• **Requirement**
Reproduce the data below in full and to the letter, images excepted.

(Data excerpt Opens)

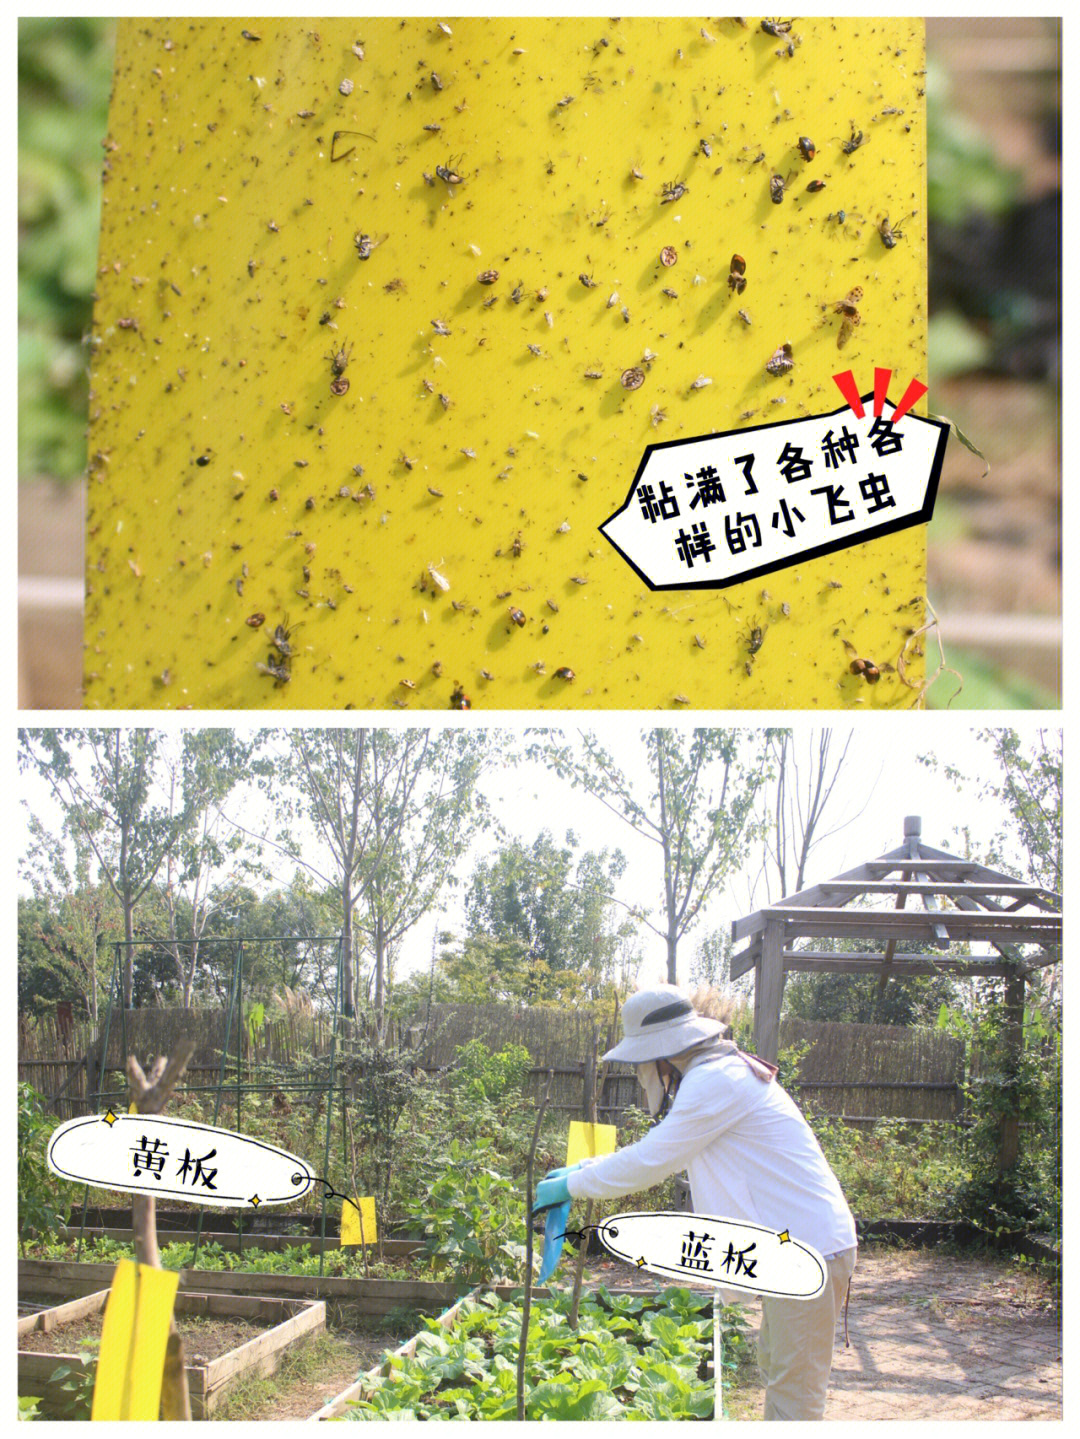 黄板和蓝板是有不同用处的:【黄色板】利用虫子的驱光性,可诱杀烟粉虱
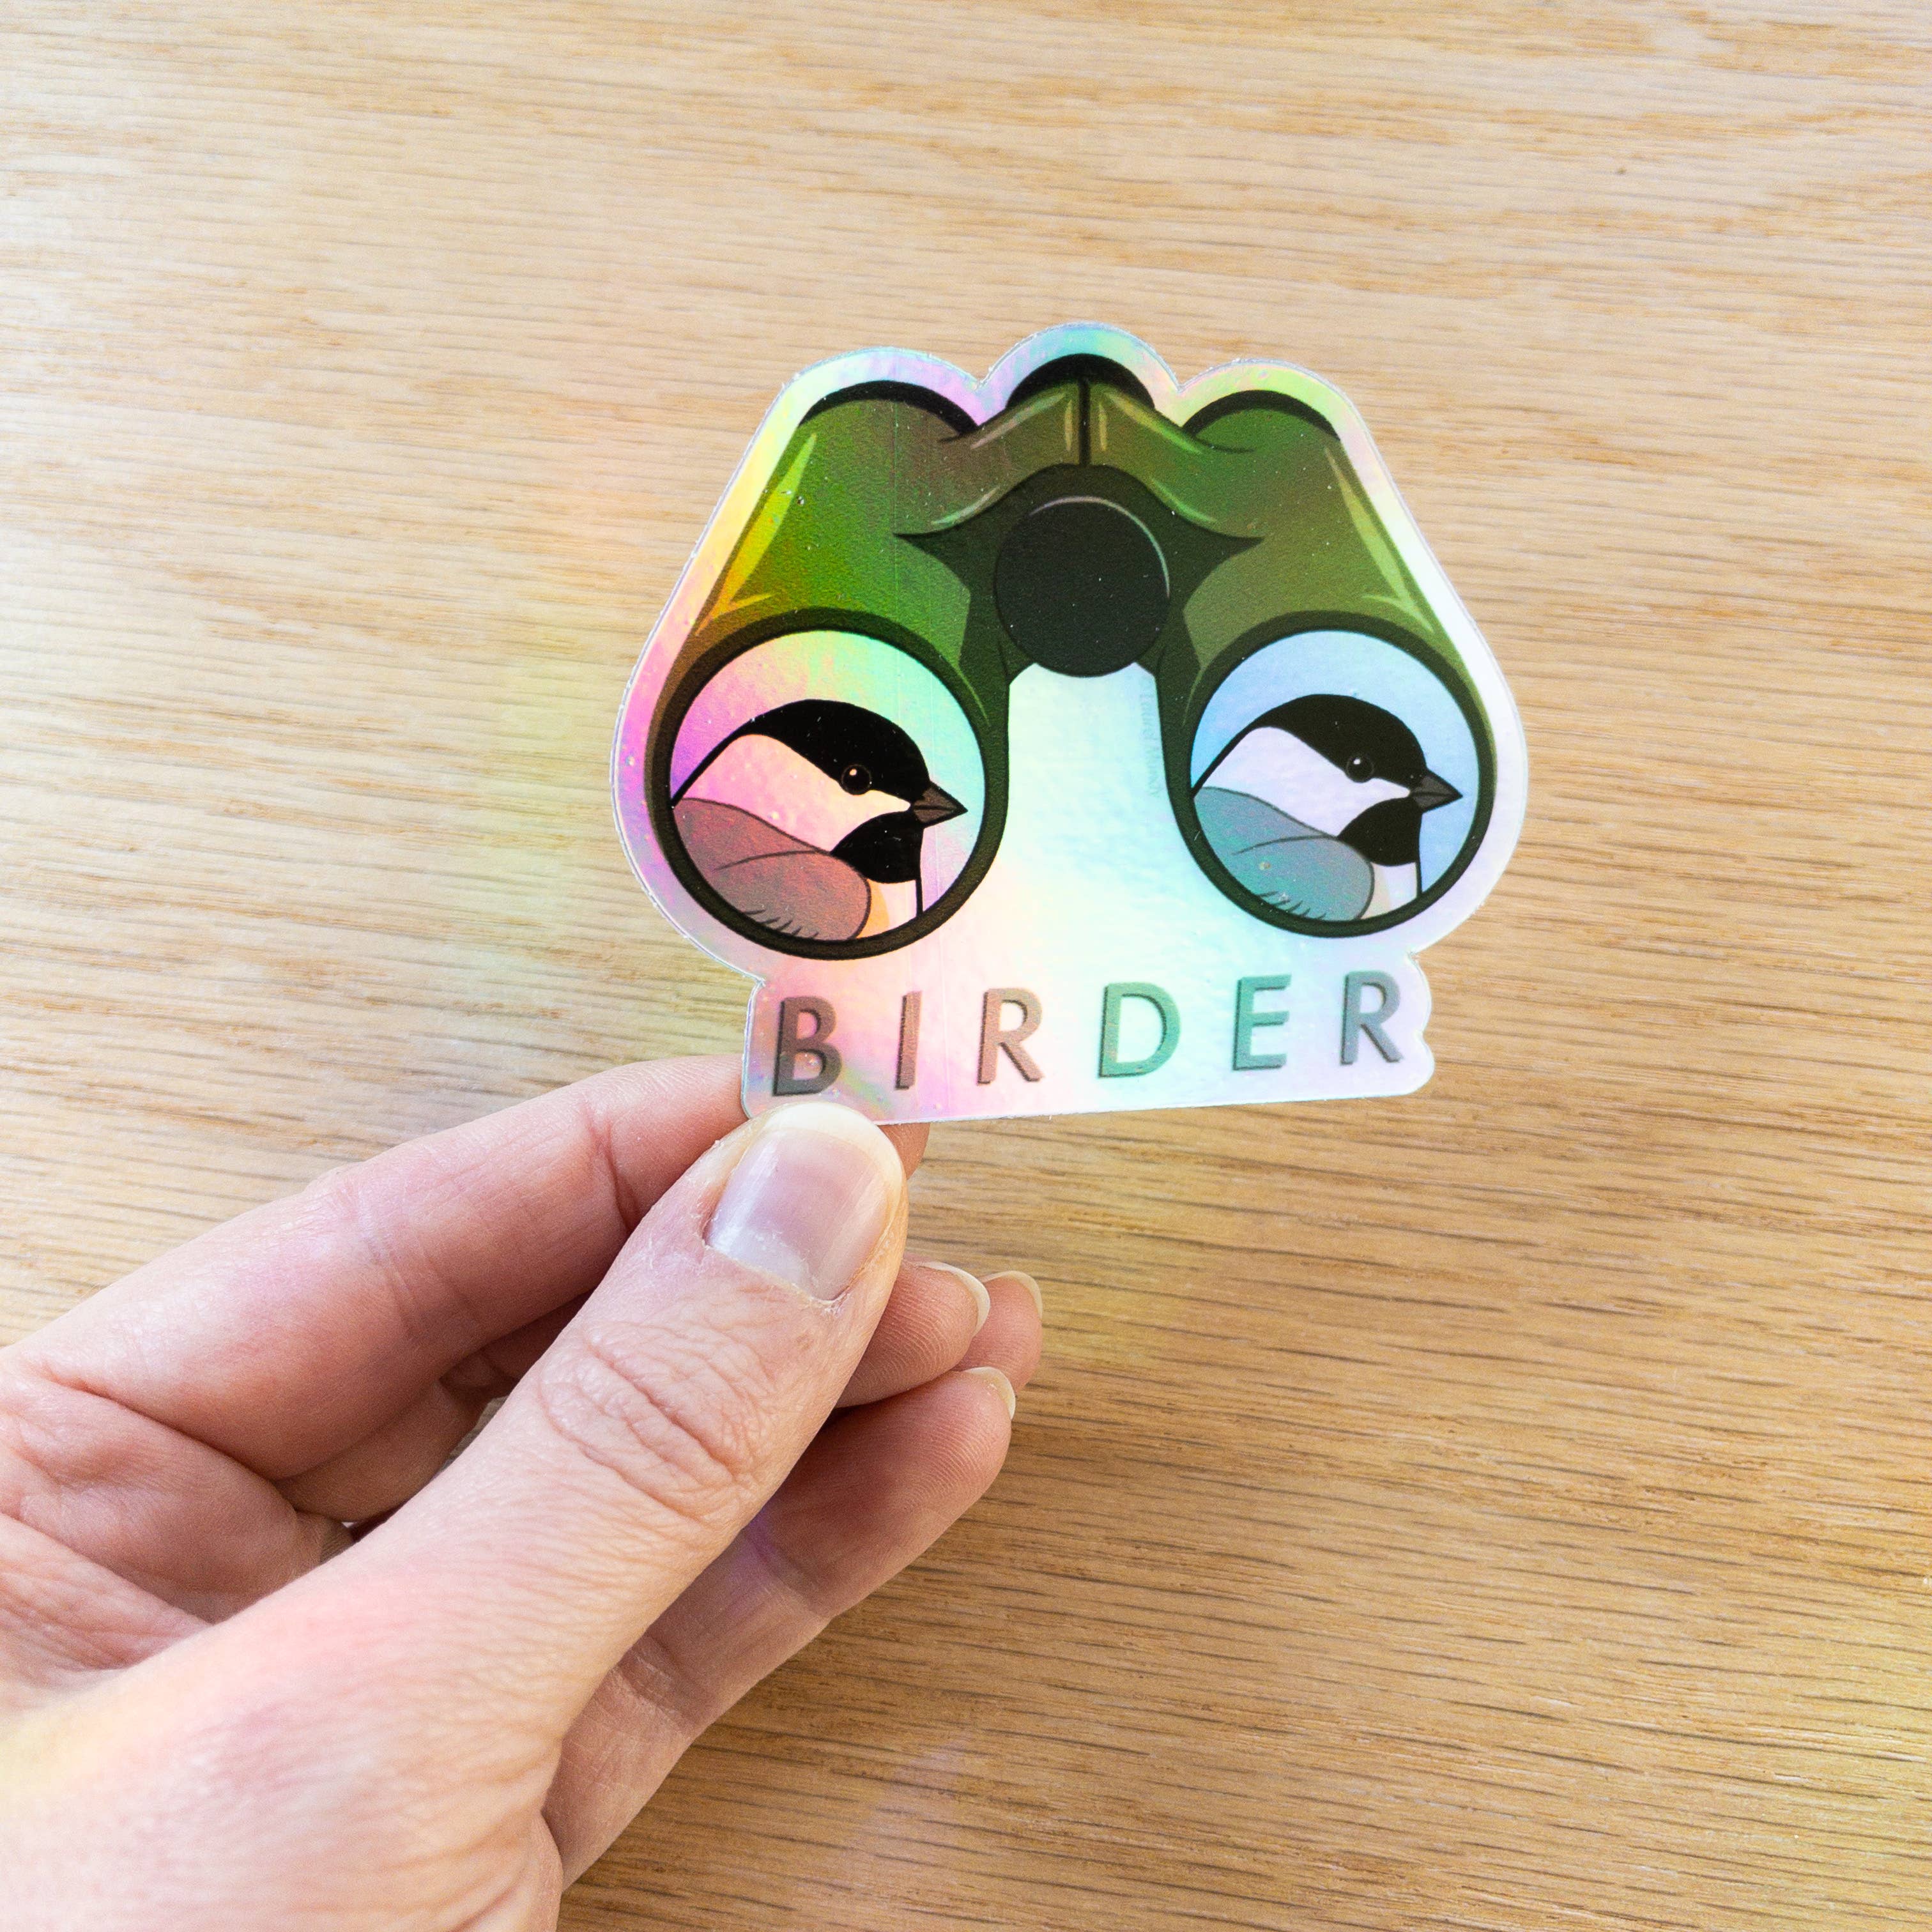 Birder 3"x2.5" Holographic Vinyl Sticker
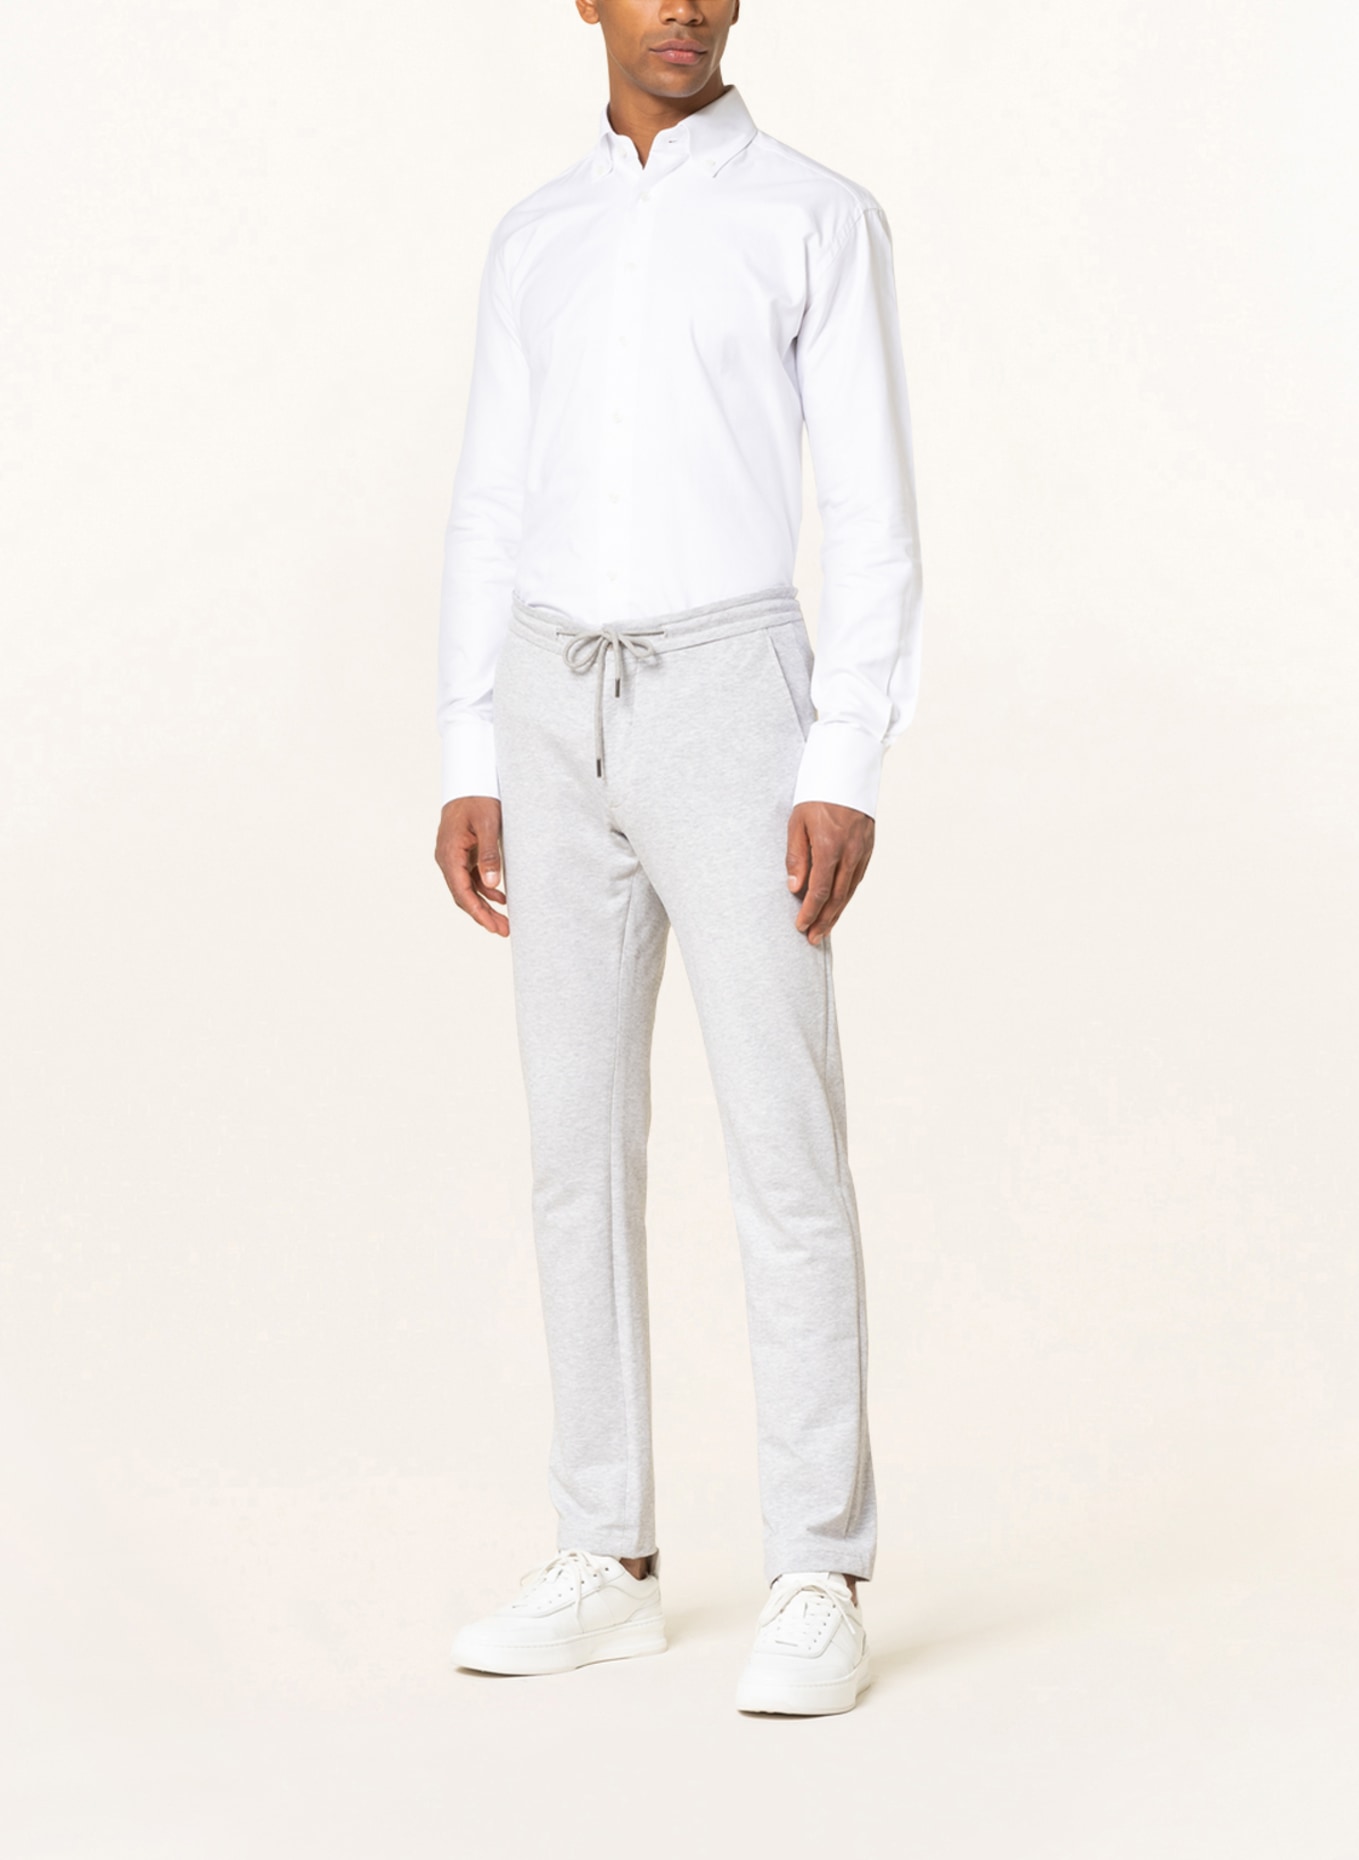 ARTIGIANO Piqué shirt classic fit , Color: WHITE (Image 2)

(Data excerpt Closes)

• **Exercise answer**
 黄板和蓝板是有不同用处的:【黄色板】利用虫子的驱光性,可诱杀烟粉虱
 Birder 3"x2.5" Holographic Vinyl Sticker
 ARTIGIANO Piqué shirt classic fit , Color: WHITE (Image 2)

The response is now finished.